• **The problem**:
The answer is a stretch of the material below, returned exactly: the line containing "Mccann orchidée araignée", the line containing "Rounded Sunglasses For", and all lines between.

• **Records for processing**:
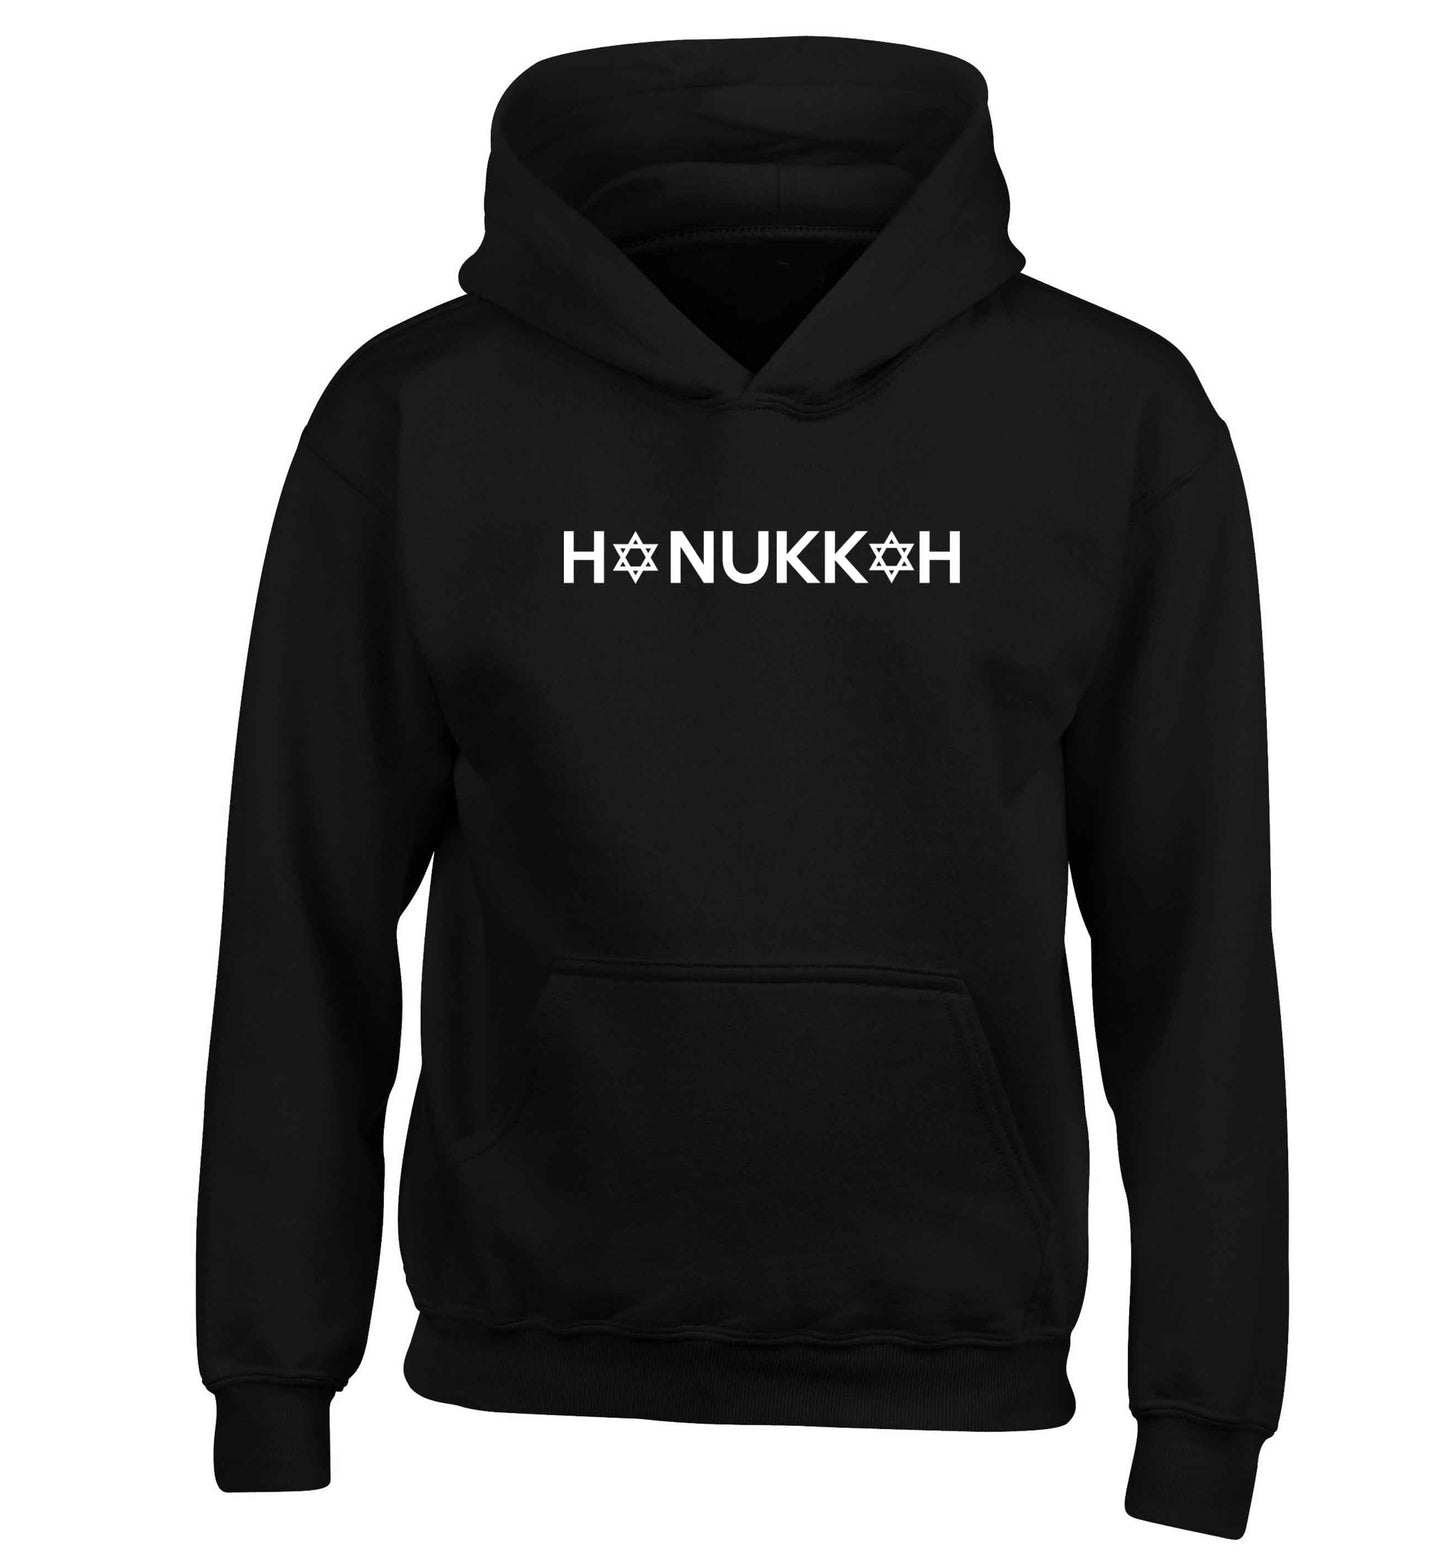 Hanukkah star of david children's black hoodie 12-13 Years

--

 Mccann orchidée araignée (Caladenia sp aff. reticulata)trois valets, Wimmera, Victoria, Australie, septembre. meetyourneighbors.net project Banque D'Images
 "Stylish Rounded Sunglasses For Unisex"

==

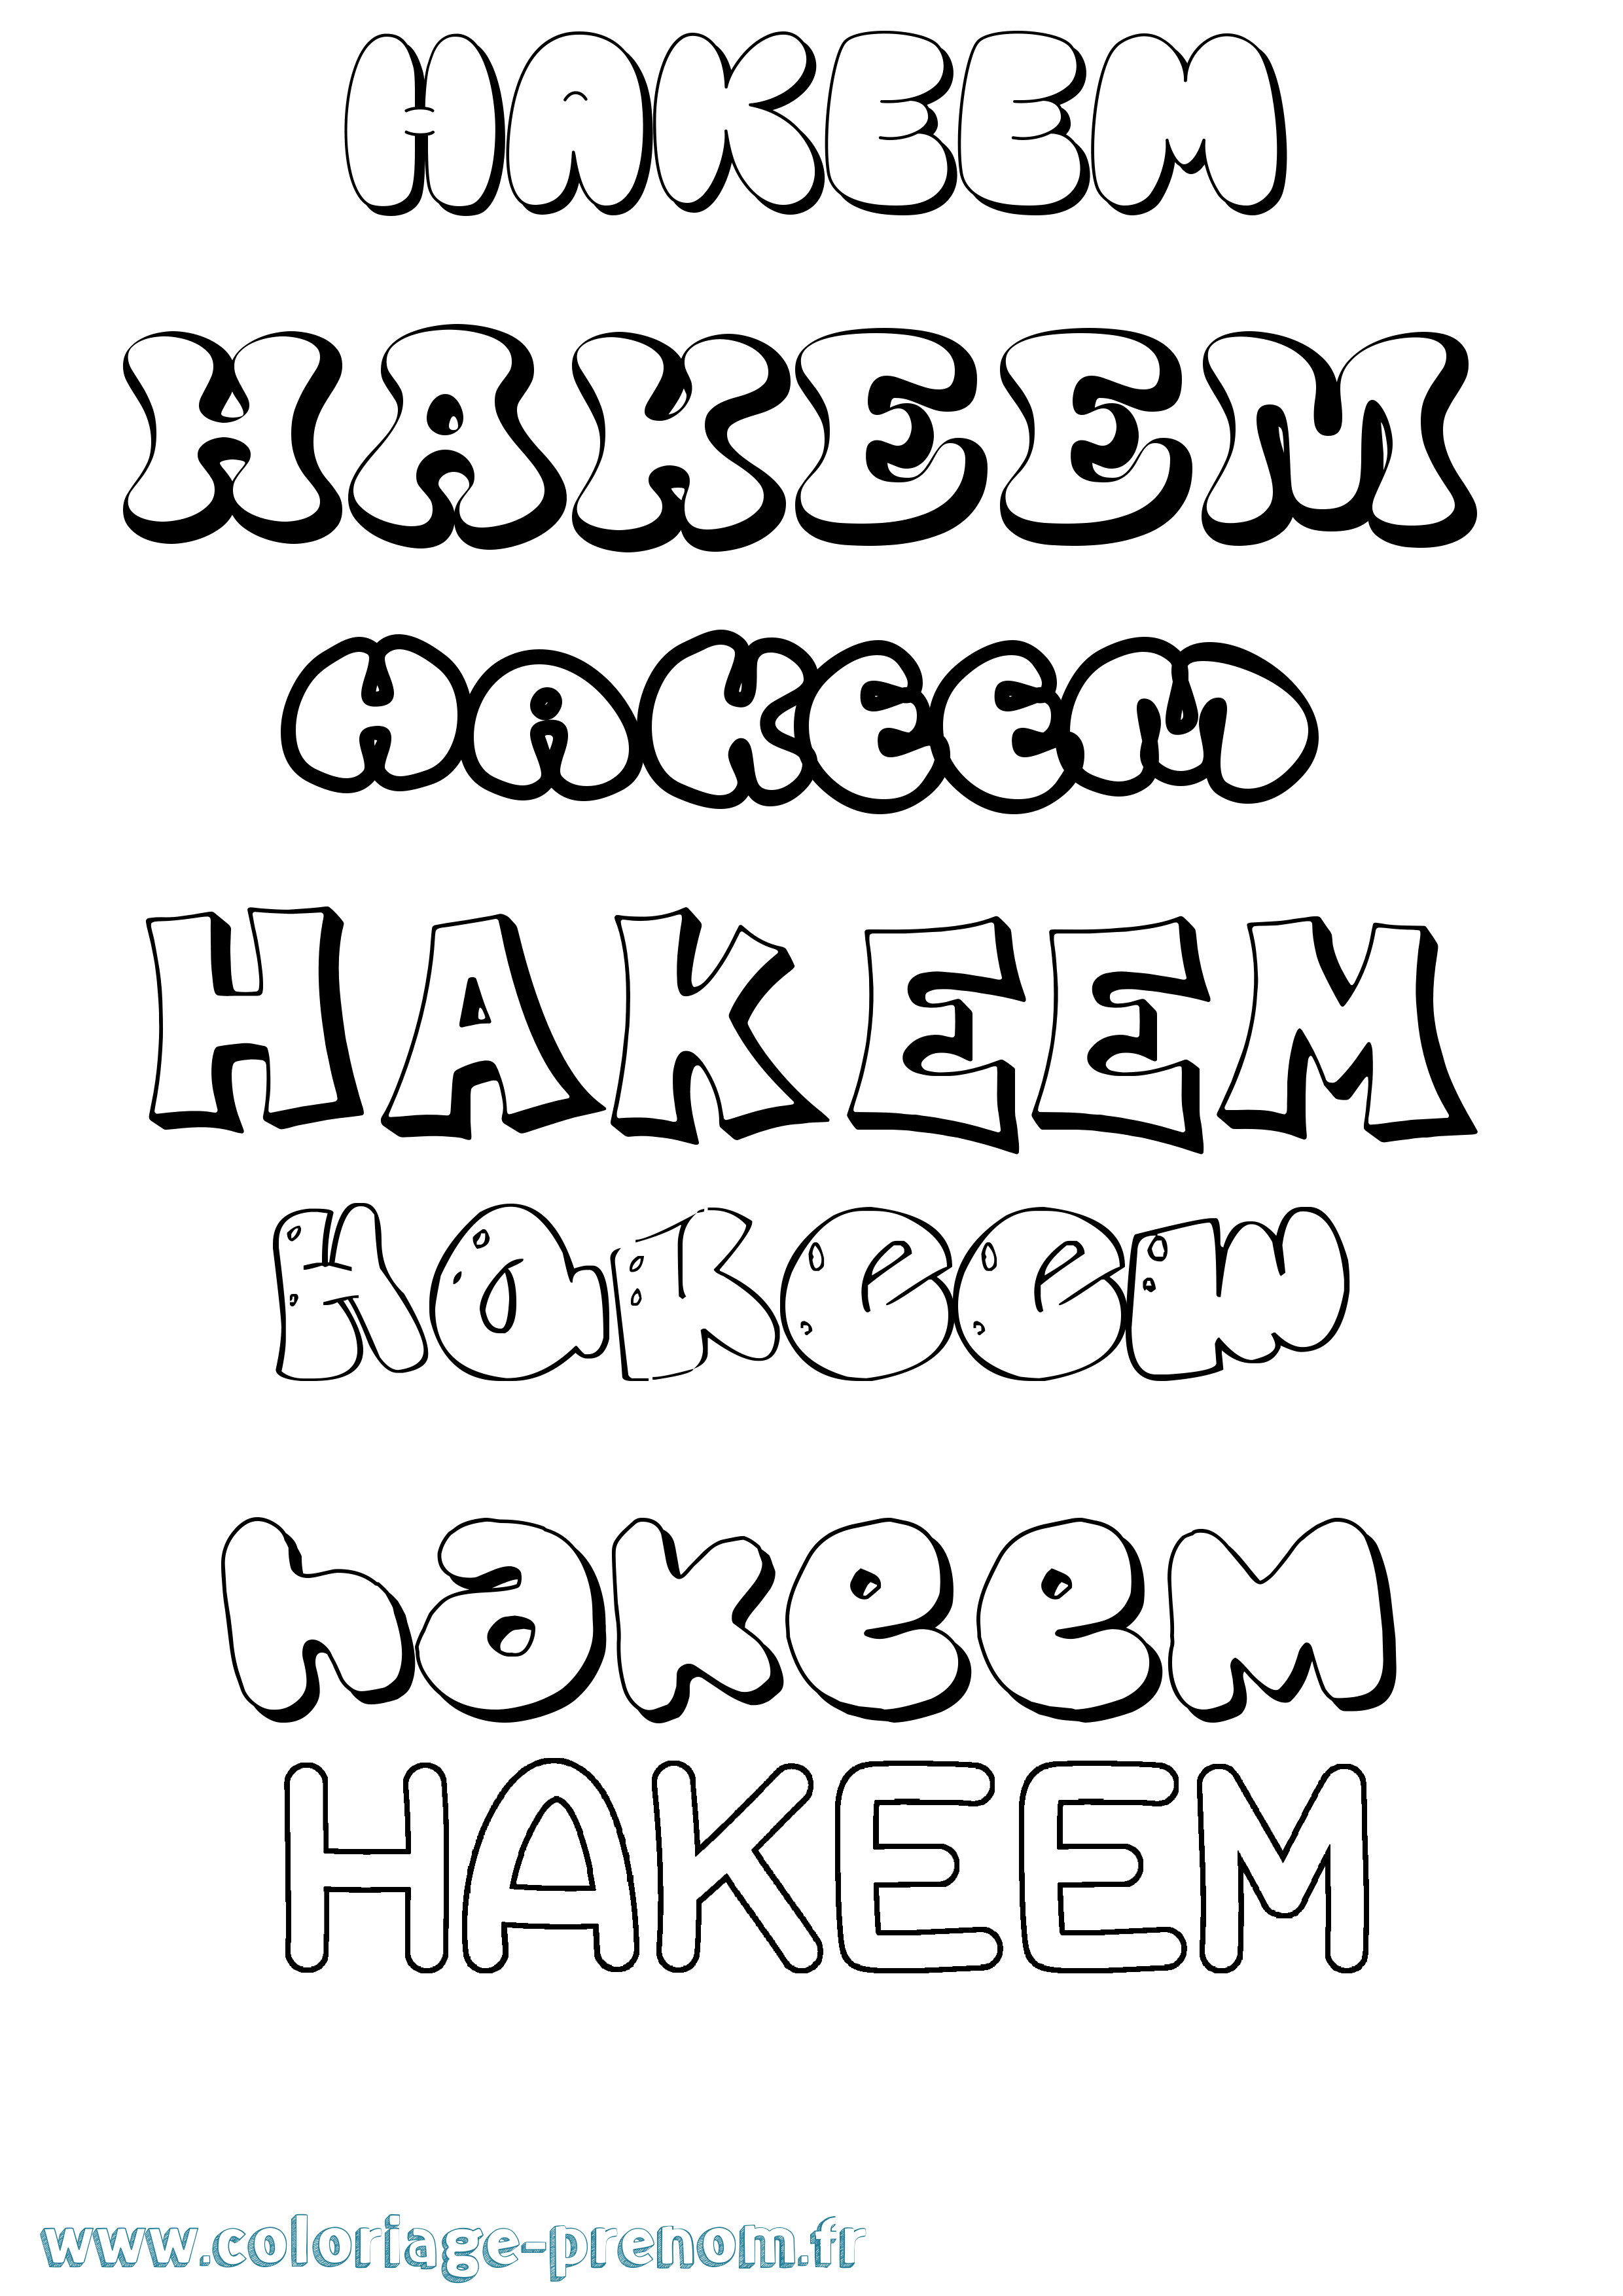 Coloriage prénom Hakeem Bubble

• **Answer box**:
 Mccann orchidée araignée (Caladenia sp aff. reticulata)trois valets, Wimmera, Victoria, Australie, septembre. meetyourneighbors.net project Banque D'Images
 "Stylish Rounded Sunglasses For Unisex"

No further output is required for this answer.